TRY IT:
Where the data below contains pictures, omit them; output the rest word for word.

MATERIAL PROVIDED:
^^^^^^^^

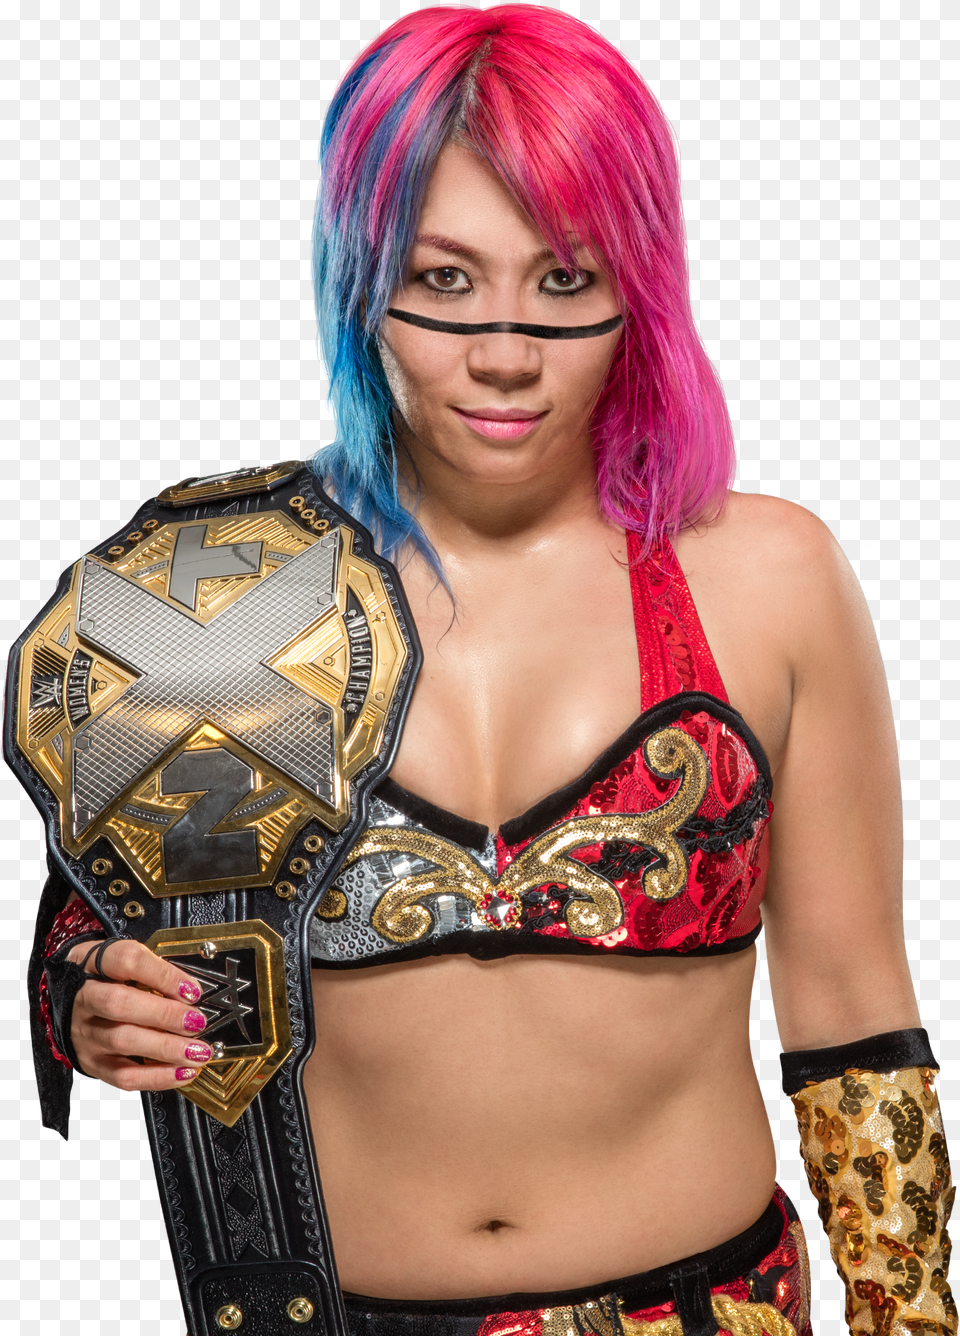 New Render Of Asuka As Nxt Women39s Champion Asuka Nxt Women39s Champion Free Transparent Png
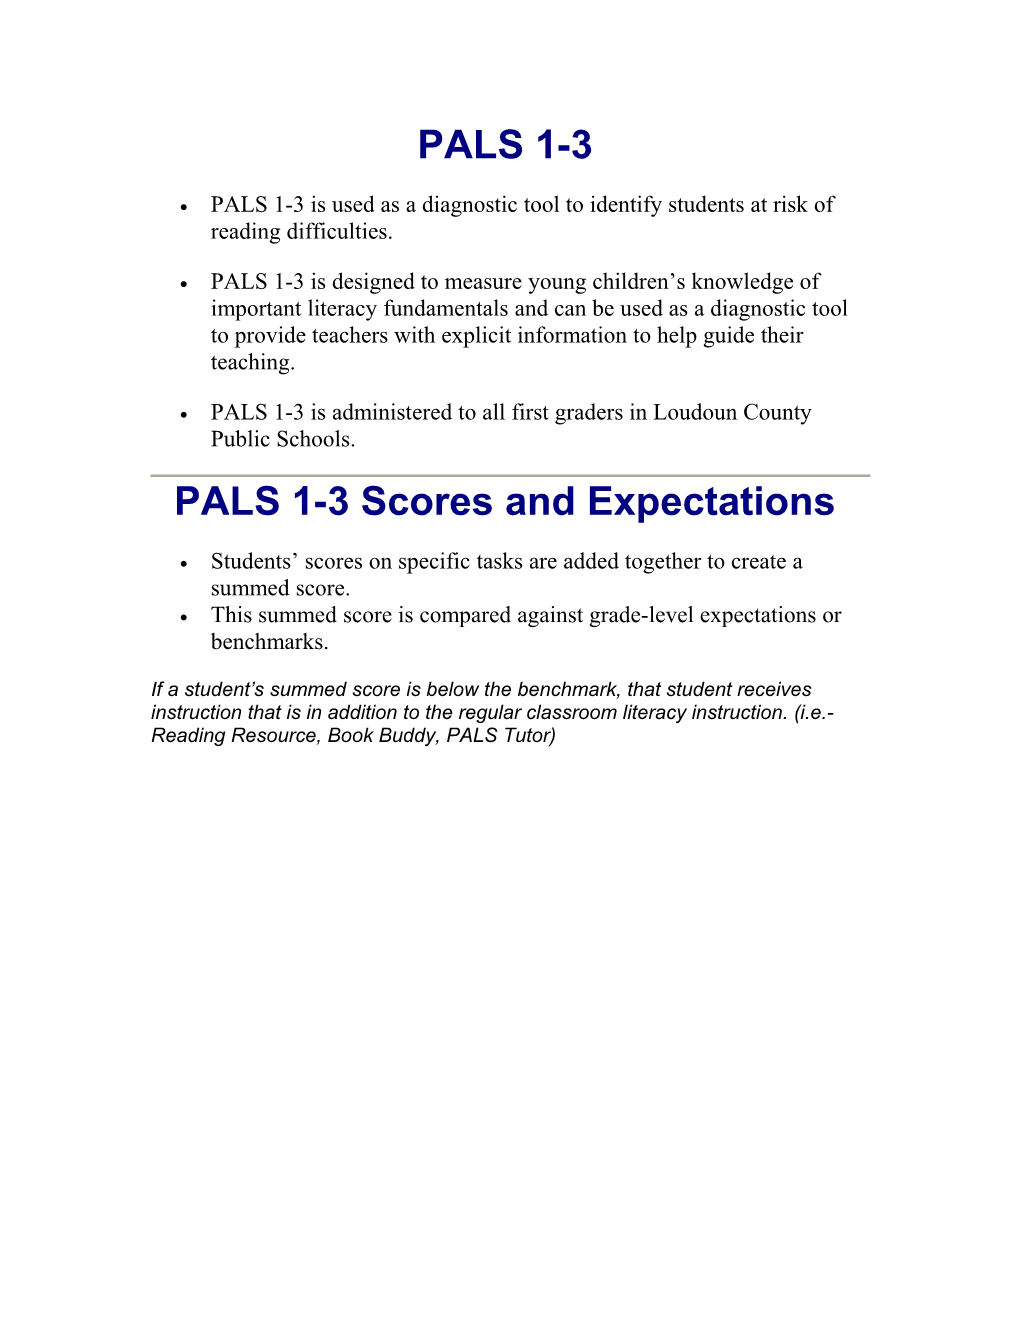 PALS 1-3 Is Used As a Diagnostic Tool to Identify Students at Risk of Reading Difficulties
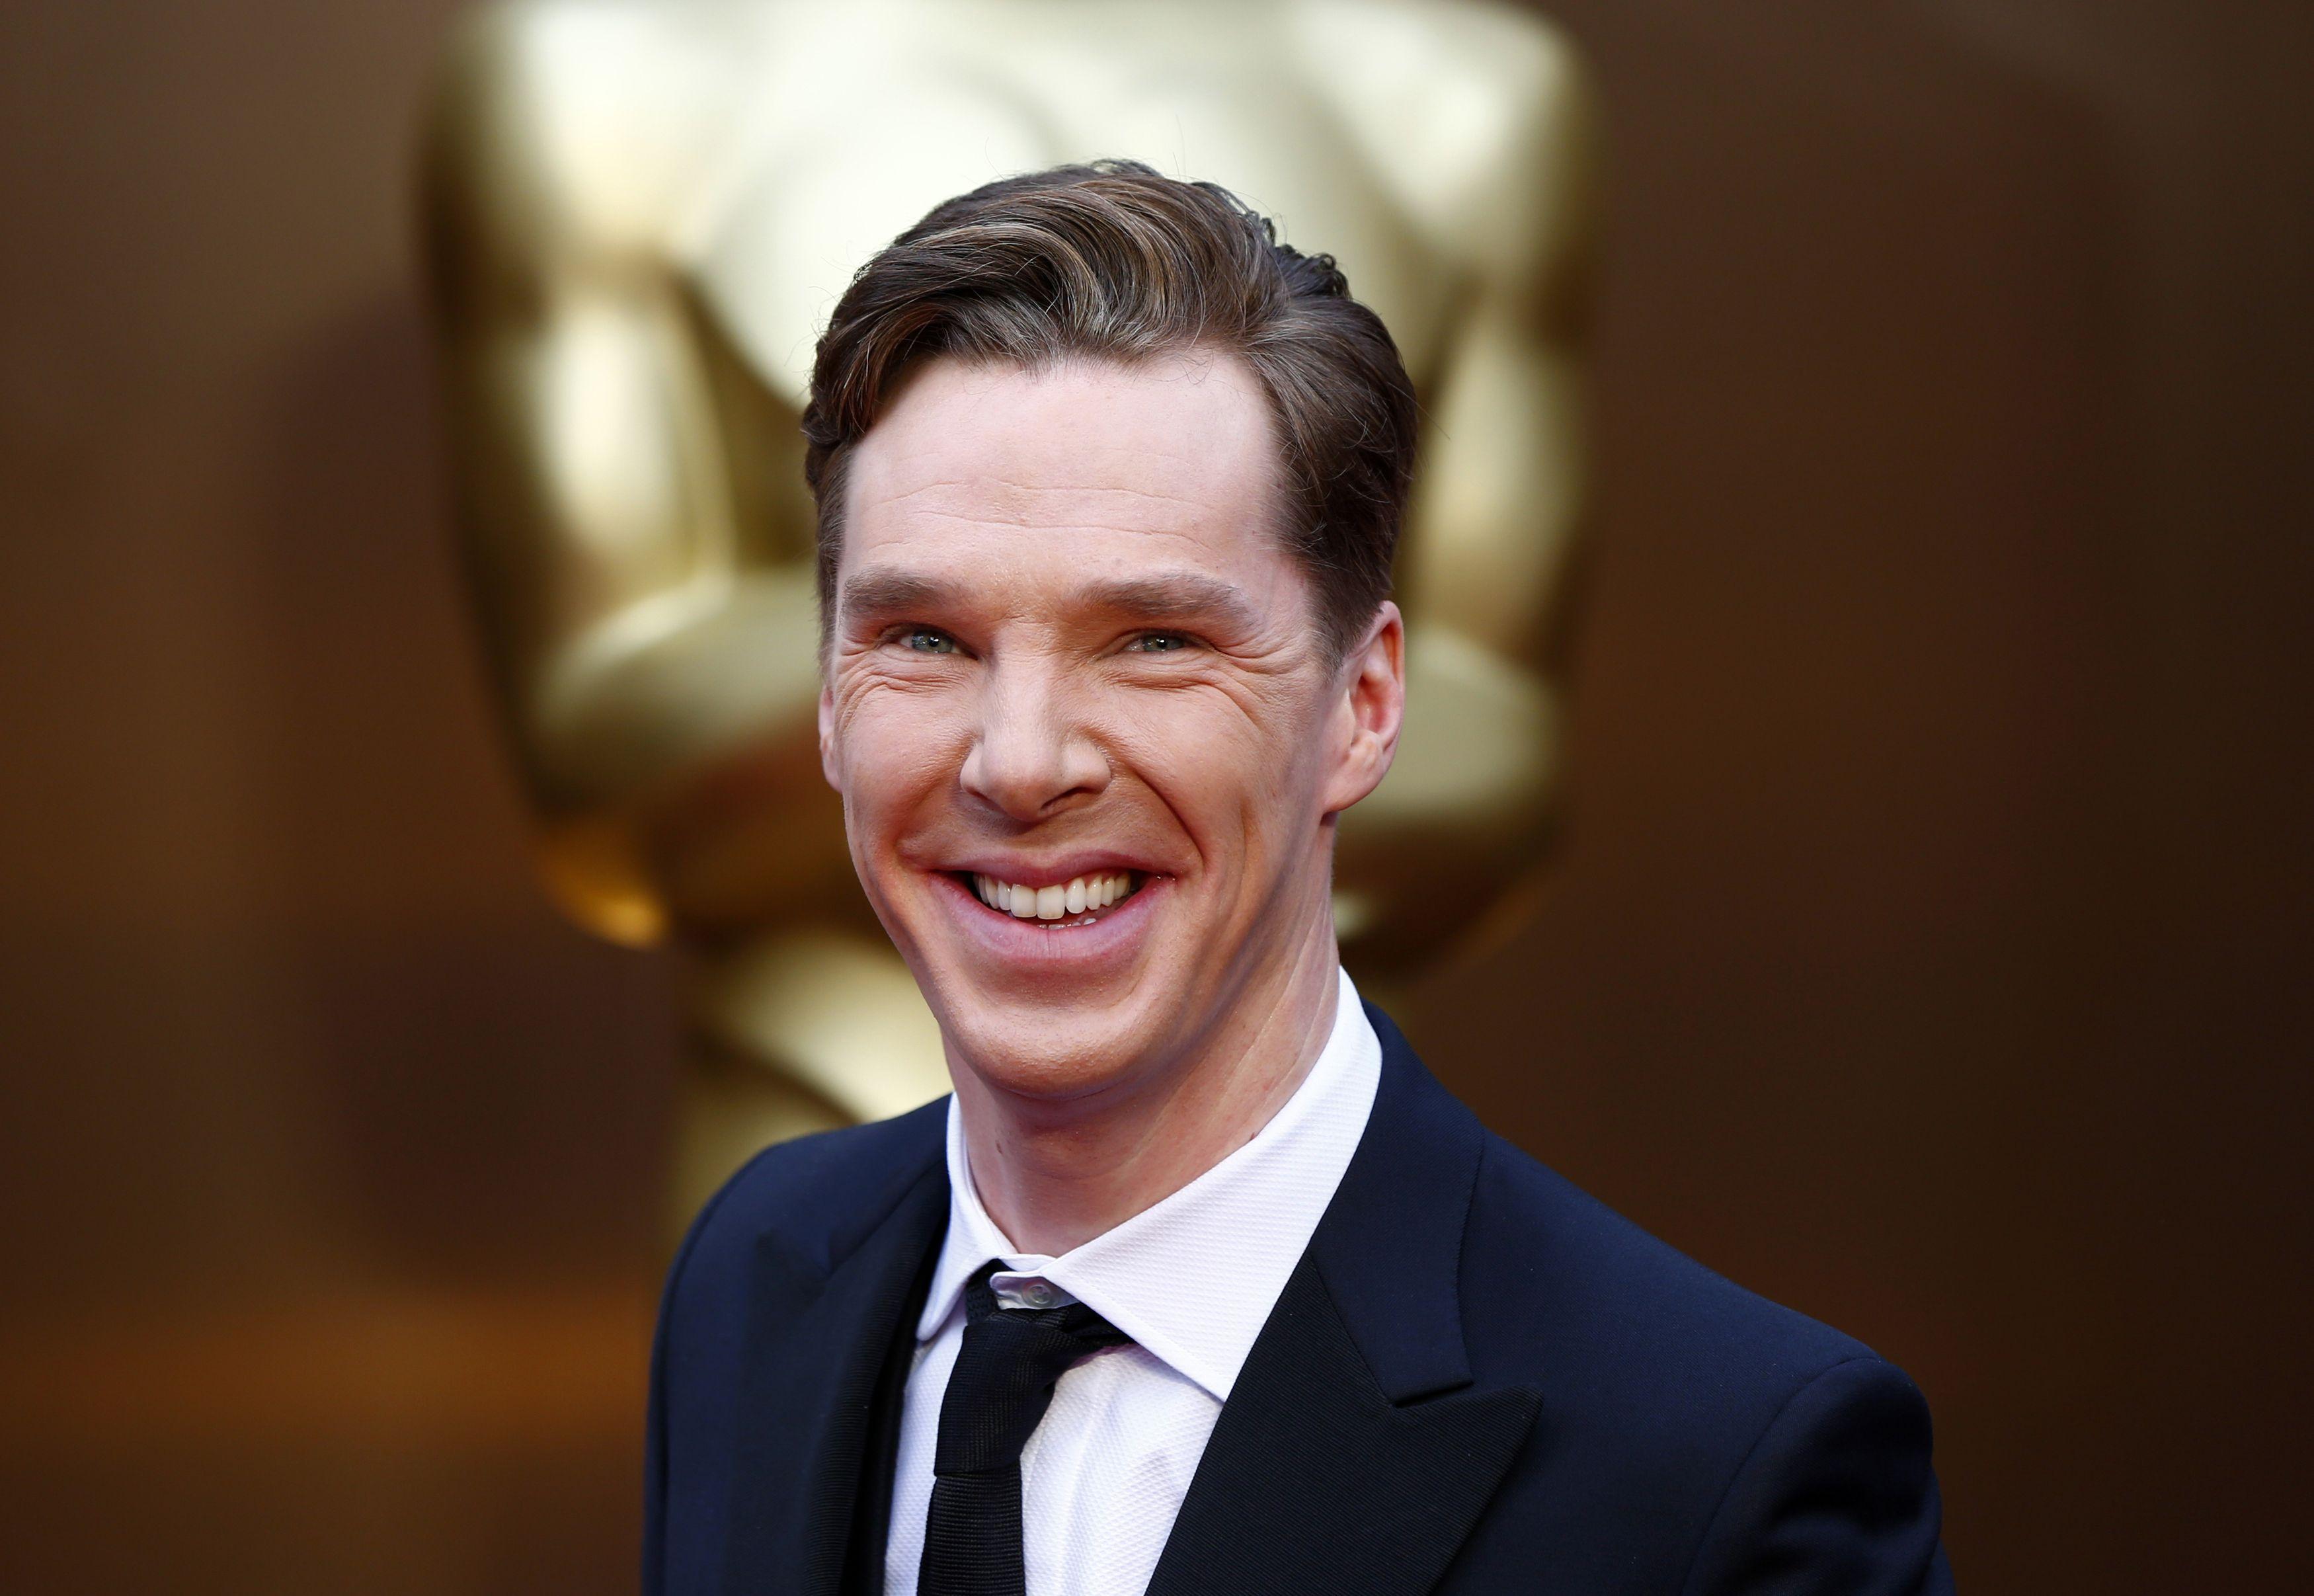 Benedict Cumberbatch Wallpaper High Resolution and Quality Download

^^^^^^^^

TASK ANSWER:
 New Render Of Asuka As Nxt Women39s Champion Asuka Nxt Women39s Champion Free Transparent Png
 PALS 1-3 Is Used As a Diagnostic Tool to Identify Students at Risk of Reading Difficulties
 Benedict Cumberbatch Wallpaper High Resolution and Quality Download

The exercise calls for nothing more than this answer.